# Xxxx Bitter



## dougsbrew (19/10/11)

is it just me or is it loosing its flavour. 
i use to drink it alot back when the cans were black. 






they were 4.8%, now there punching at 4.6%. 
and they dont seem to have that lovely cluster hit anymore. 
during my last tour at milton the guide mentioned that they had found a way to make the hops go further, 
so there using less hops, and more water. shame.


----------



## Bribie G (19/10/11)

I think all the Aussie mainstreams are gradually being blanded and blanded. Now that they are in foreign hands, watch out for a ruthless culling of local brands to be replaced with Miller, Peroni, Kirin etc. 
Thats what the likes of Watneys and Courage did in the UK when they took over local breweries. Make the beer blander and weaker until the locals wouldn't drink it any more, then withdraw it on the grounds of "lack of sales" and push the megabrew instead.
Happened with Powers Bitter.

Edit: seems to be happening with XXXX as well. Last time I was in Cairns there wasn't a single pub I could find that had XXXX heavy on tap. Lion's policy is to make the absolutely awful Toohey's new the "national" full strength brand. Five years from now it will probably be extinct or severely restricted to Brisbane and environs, although still brewing and pushing the 3.5% gold of course which will probably then be blanded even further to about 3%.


----------



## Nick JD (19/10/11)

The sole Aussie beer not made with POR is kicked in the shins. 

RIP, my bogan staple.


----------



## bunyips (19/10/11)

Bribie G said:


> I think all the Aussie mainstreams are gradually being blanded and blanded. Now that they are in foreign hands, watch out for a ruthless culling of local brands to be replaced with Miller, Peroni, Kirin etc.
> Thats what the likes of Watneys and Courage did in the UK when they took over local breweries. Make the beer blander and weaker until the locals wouldn't drink it any more, then withdraw it on the grounds of "lack of sales" and push the megabrew instead.
> Happened with Powers Bitter.
> 
> Edit: seems to be happening with XXXX as well. Last time I was in Cairns there wasn't a single pub I could find that had XXXX heavy on tap. Lion's policy is to make the absolutely awful Toohey's new the "national" full strength brand. Five years from now it will probably be extinct or severely restricted to Brisbane and environs, although still brewing and pushing the 3.5% gold of course which will probably then be blanded even further to about 3%.


 Hey there BribieG
I have noticed the same in the past few years that it is getting blander and weaker... used to quite enjoy a glass or two on tap. Has anybody got a good AG clone for the old school barbed wire? And if so could you put me onto the recipe. Could be interesting to brew one up


----------



## Rowy (19/10/11)

I was a confirmed XXXX heavy man for years. I noticed about 2 or so years ago that something wasn't right. I just thought I was a dickhead, probably a true thought, anyway I looked into this through a couple of publican friends and pretty much everything that is said here is the truth. It's about NO DIVERSITY! It's about having a standard beer for a standard bloke. Anyway now I brew my own so I don't give a Fxxck.


----------



## adniels3n (19/10/11)

Bribie G said:


> Last time I was in Cairns there wasn't a single pub I could find that had XXXX heavy on tap.
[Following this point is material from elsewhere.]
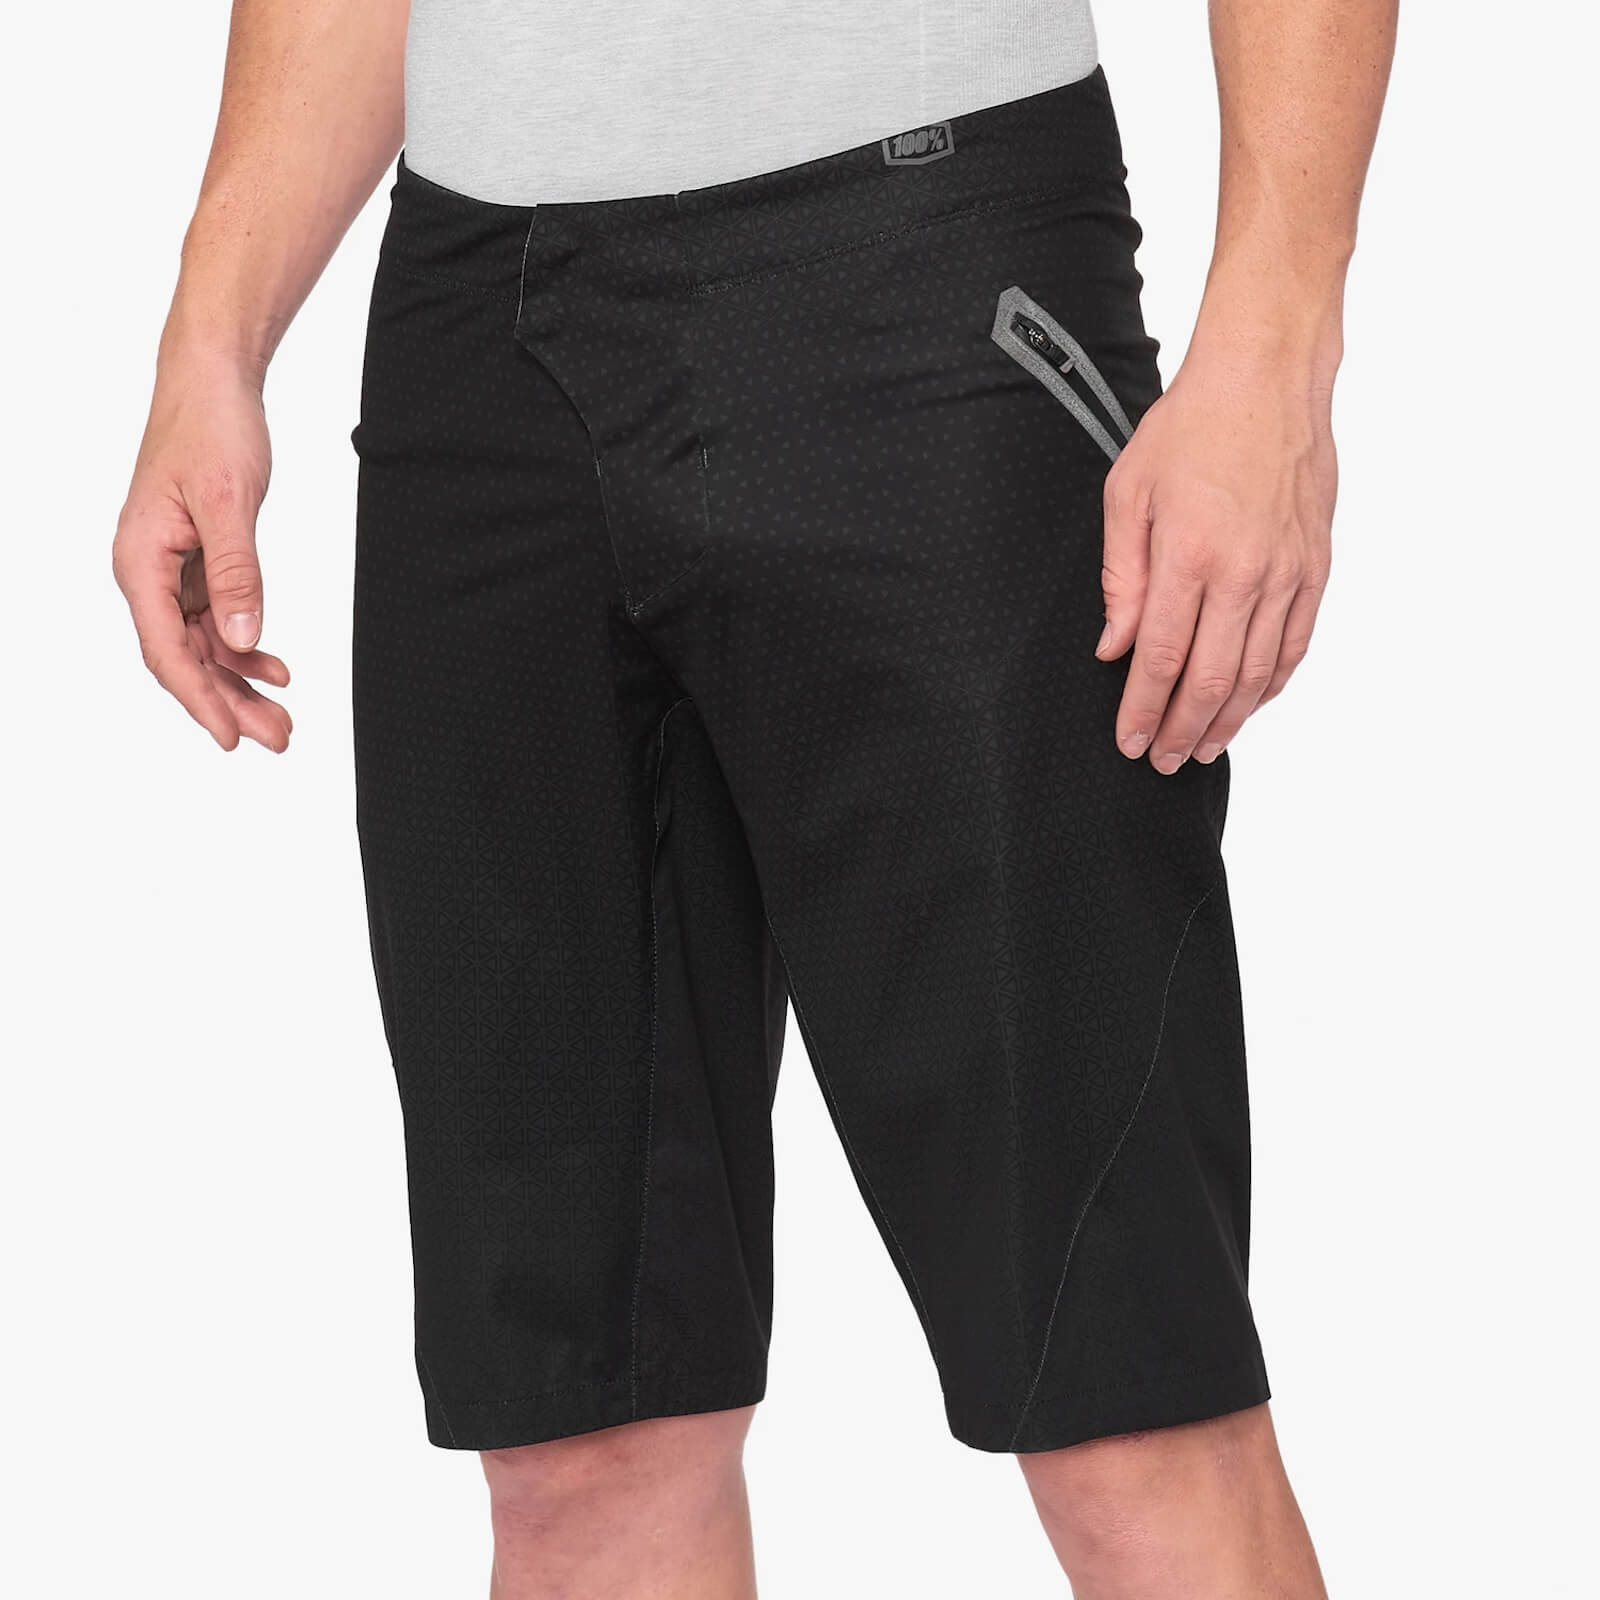 100% Hydromatic MTB Shorts - 36

I lived in Cairns 2002 till 2005, & you were flat out finding xxxx anywhere. If it's not an old pub, then it's aimed at tourists who know that real aussies drink Fosters. Apparently.


----------



## dougsbrew (19/10/11)

bunyips said:


> I have noticed the same in the past few years that it is getting blander and weaker... used to quite enjoy a glass or two on tap. Has anybody got a good AG clone for the old school barbed wire? And if so could you put me onto the recipe. Could be interesting to brew one up



its a work in progress for me, i did an ag one not long ago using s189 that my missus prefers over the now xxxx bitter, 
however i found that the malt was too strong to represent the combrew. ones done inpast with some dextrose came closer. 
the latest i done with dme(time restraints) us05 some dex came close too, however i had 8g por that i wanted to use up so 
it spoiled it a little.always got cluster hops at my place, a favorite of mine.


----------



## Bribie G (19/10/11)

Mash at 64 then raise to mashout
Ferment 13 raising gradually to 17

Fine and Polyclar the shyte out of it:

*XXXX*


*Recipe Specs*
----------------
Batch Size (L): 23.0
Total Grain (kg): 4.550
Total Hops (g): 30.00
Original Gravity (OG): 1.045 (P): 11.2
Final Gravity (FG): 1.010 (P): 2.6
Alcohol by Volume (ABV): 4.61 %
Colour (SRM): 3.8 (EBC): 7.5
Bitterness (IBU): 21.6 (Average)
Brewhouse Efficiency (%): 70
Boil Time (Minutes): 60

*Grain Bill*
----------------
4.000 kg Pilsner Barrett Burston (87.91%)
0.350 kg Cane Sugar (7.69%)
0.200 kg Caramalt Barrett Burston (4.4%)

*Hop Bill*
----------------
30.0 g Cluster Pellet (5.7% Alpha) @ 60 Minutes (Boil) (1.3 g/L)

*Misc Bill*
----------------
5.0 g Gypsum (Calcium Sulfate) @ 0 Minutes (Mash)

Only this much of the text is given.